L’envers du décor : du street art aux Paysages imaginés-7-

l’Arena

Cette petite balade nous a conduits quai de la Souys, côté rive droite, quartier des rives de FLOIRAC où nous avons découvert L’ARENA, future salle de spectacle.

plan

Ce bâtiment voisinera dans quelques années avec un nouveau pont reliant FLOIRAC à BORDEAUX et BÈGLES. Son nom est déjà choisi : ce sera le pont SIMONE VEIL, en hommage à cette grande dame qui nous a quittés récemment.

portail d’entrée du chantier

En attendant, le chantier en bord de Garonne, constitue l’envers d’un décor enchanteur.

porte bien son nom.

Il est délimité par 600 m de barrières ; avec la complicité de l’entreprise DUBREUILH, de la Métropole de Bordeaux, de la mairie de Floirac, et le soutien du Ministère de la Culture, une fresque monumentale est née.

Imaginons…

le collectif

L’association ARTELI et les artistes ont mené à bien une mission afin de fédérer les habitants de ce quartier, de la ville, de les impliquer dans ce projet de rénovation urbaine. Les paroles récoltées auprès des habitants, des enfants d’une école et de leurs parents (130 personnes au total) ont été restituées plastiquement par les artistes associés :

MÉLANIE RIBAILLIER, directrice d’ARTELI et plasticienne,

le street artiste JONE,

le sculpteur JEAN FRANÇOIS ANDRÉ

la vedette de la fresque

coucou!

original

Nous avons trouvé là en cette fin d’été, une scène très animée où l’exotisme, l’humain ; le vivant et le rêve apportent leur touche poétique. Un livre à ciel ouvert, comme si artistes, personnages et habitants s’étaient unis pour se donner la main et raconter un futur le plus agréable possible.

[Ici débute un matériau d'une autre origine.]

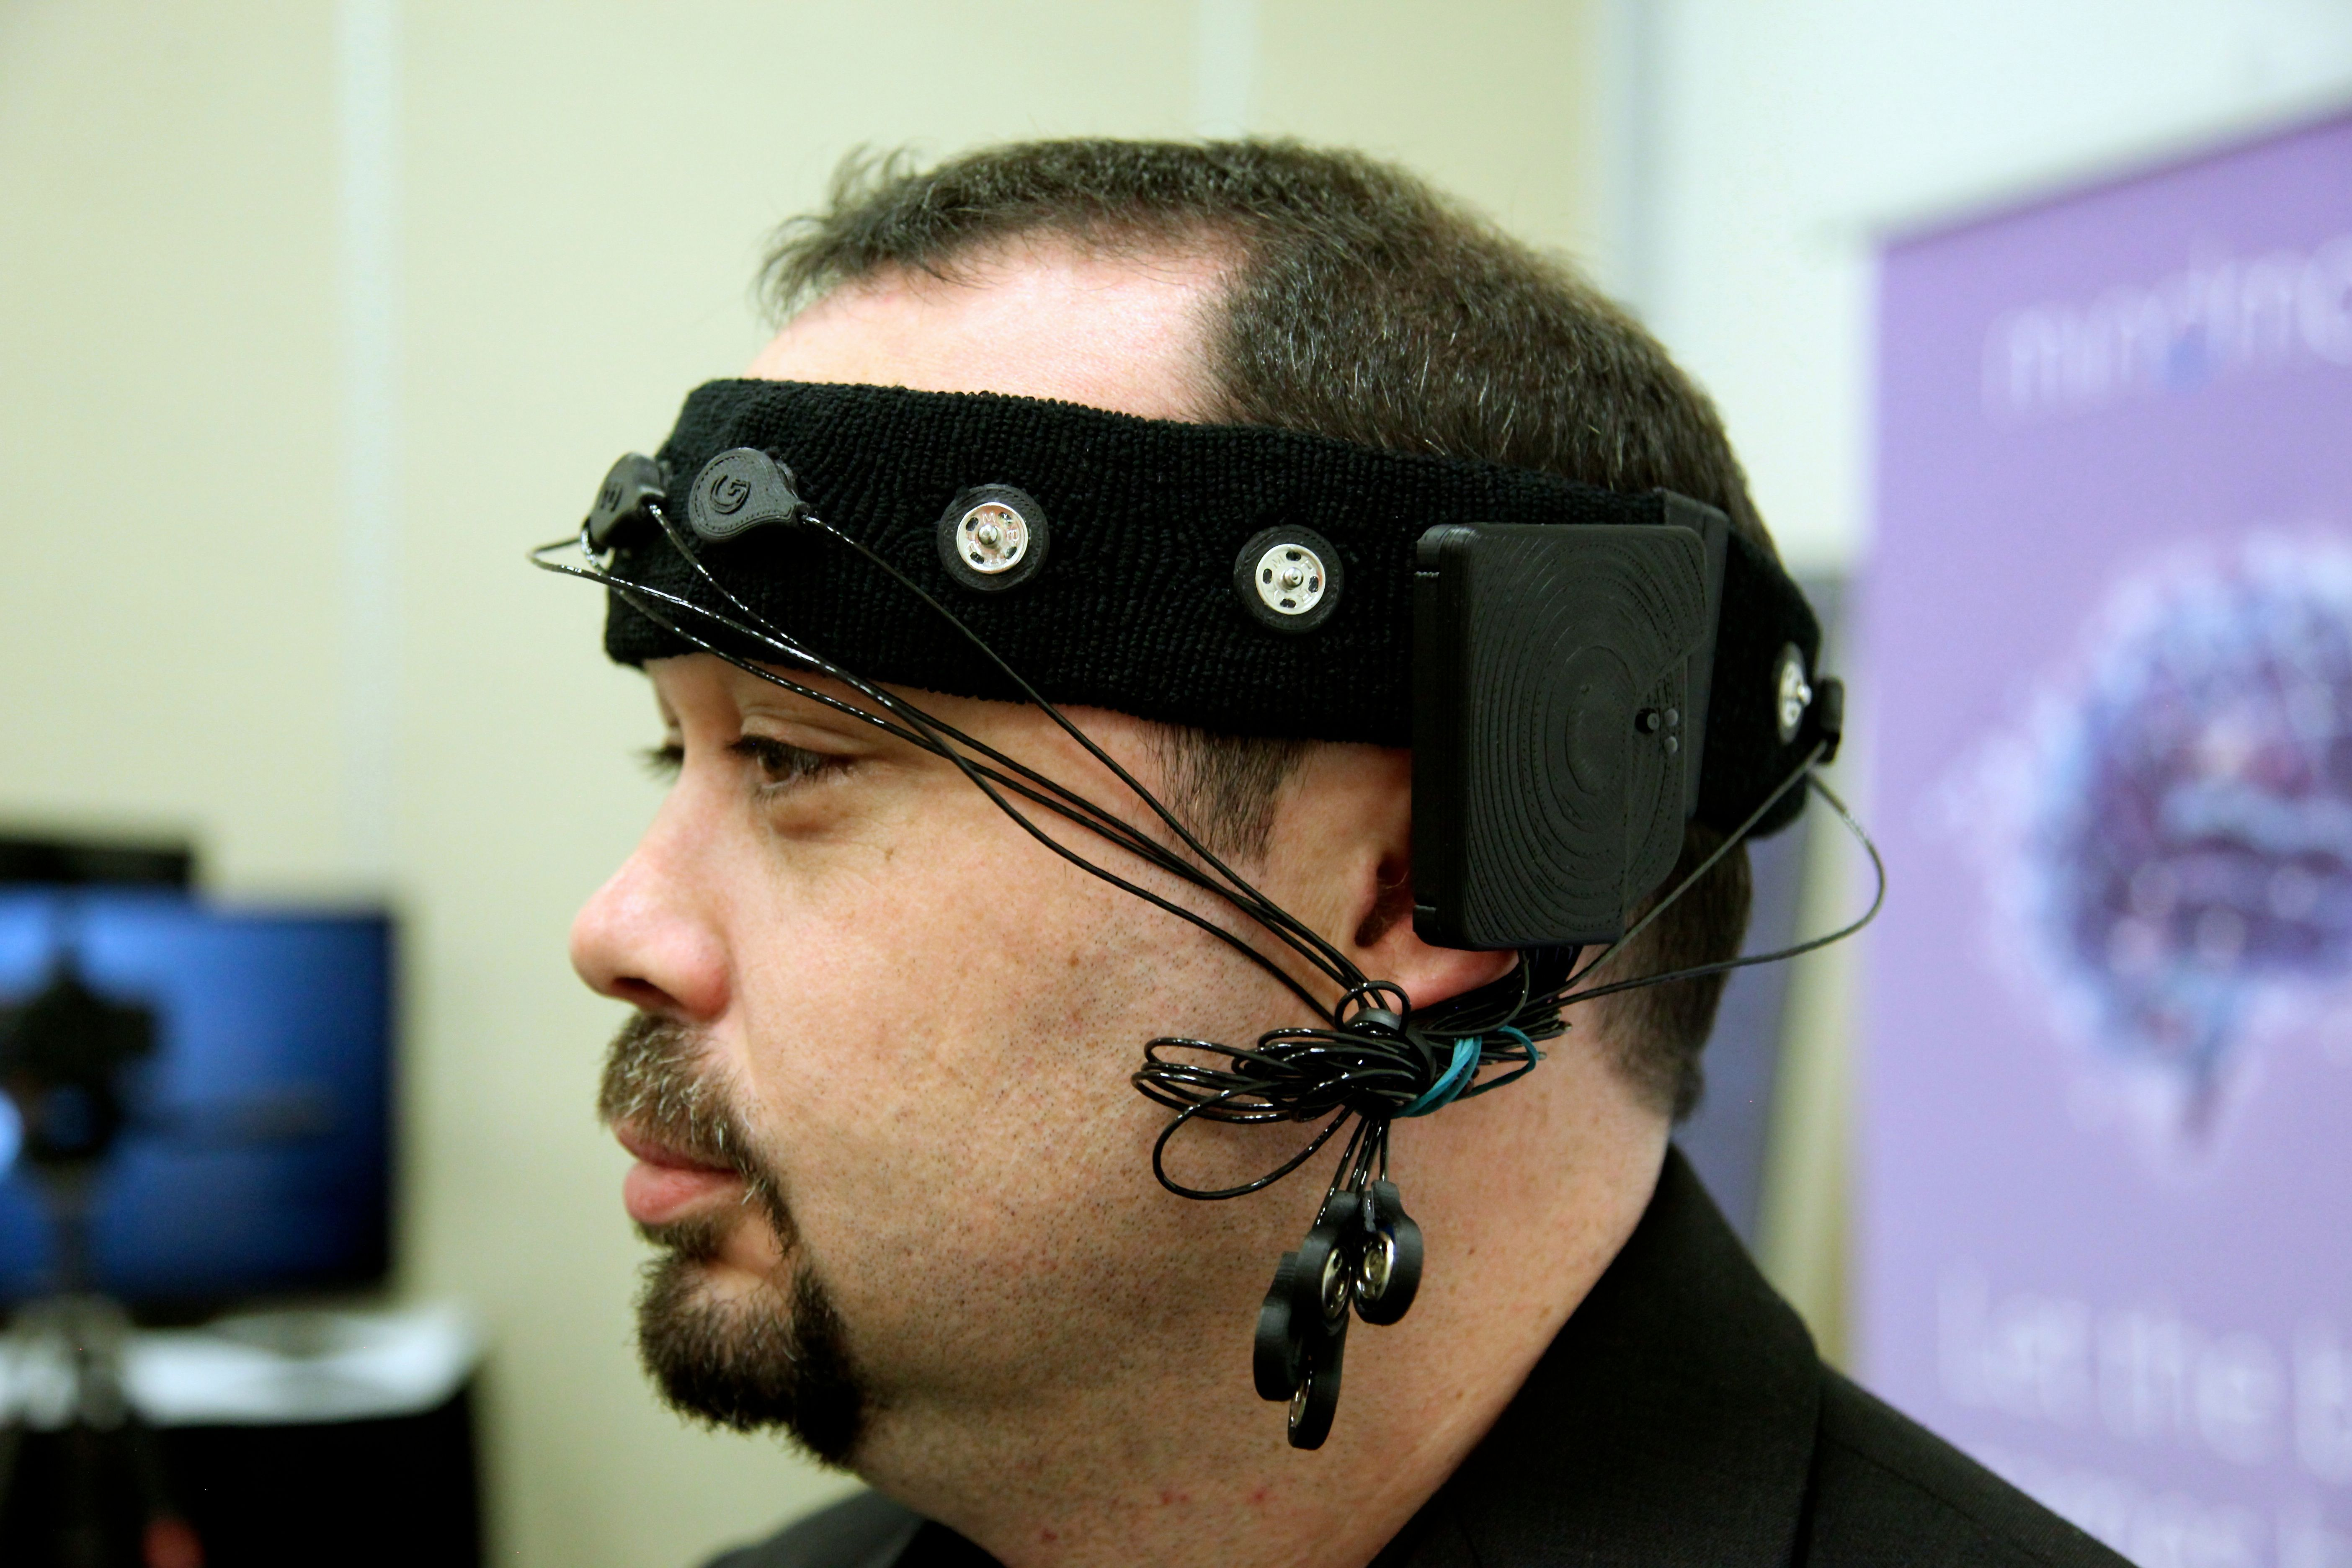 MindMaze's headset brings your brainwaves into virtual

La présentation du projet est inclue dans le décor; ici se dessine, se sculpte un paysage urbain entre ciel, terre et eau.

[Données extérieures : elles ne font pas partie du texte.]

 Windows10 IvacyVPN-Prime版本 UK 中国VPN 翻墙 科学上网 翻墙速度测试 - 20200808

broderie d’or et transparence

 

Les végétaux sont omniprésents parce qu’il est important de leur donner une grande place dans le cadre à vivre. Comme des lianes, ils font lien et sont le fil conducteur des réalisations.

n’est-ce pas?

Des fenêtres mettent en scène l’arrière-plan.

Des sorties de cadre en nous projetant vers le ciel nous font voir le monde ambiant autrement, dans toutes les directions.

vers le pont de pierre

L’envers du décor est-ce le chantier, les abords de la Garonne neutralisés ou bien comme dans ces habits réversibles passons-nous de l’envers à l’endroit avec les belles photos du passé, la construction de l’Arena et du pont, la parole du présent se nourrissant du passé et du futur?

Quel décor voulons-nous pour nous et nos enfants rive droite?

un avenir en bleu?

ou en gris?

ENFIN un avenir émerge pour un lieu en friche ! quartier super, désiré, pluriel, Liaison enfin !

Des lettres et des mots font sens au milieu des animaux, des couleurs, du nom des artistes, du lettrisme toujours.

comme les intervenants, les habitants, les espoirs, les paysages…

Des onomatopées « vraoum » nous rappellent que notre monde est mouvement L’humour est omniprésent. Les expressions joliment illustrées expriment une qualité de vie. J’en ai relevé quelques unes :city zen, zen, cool.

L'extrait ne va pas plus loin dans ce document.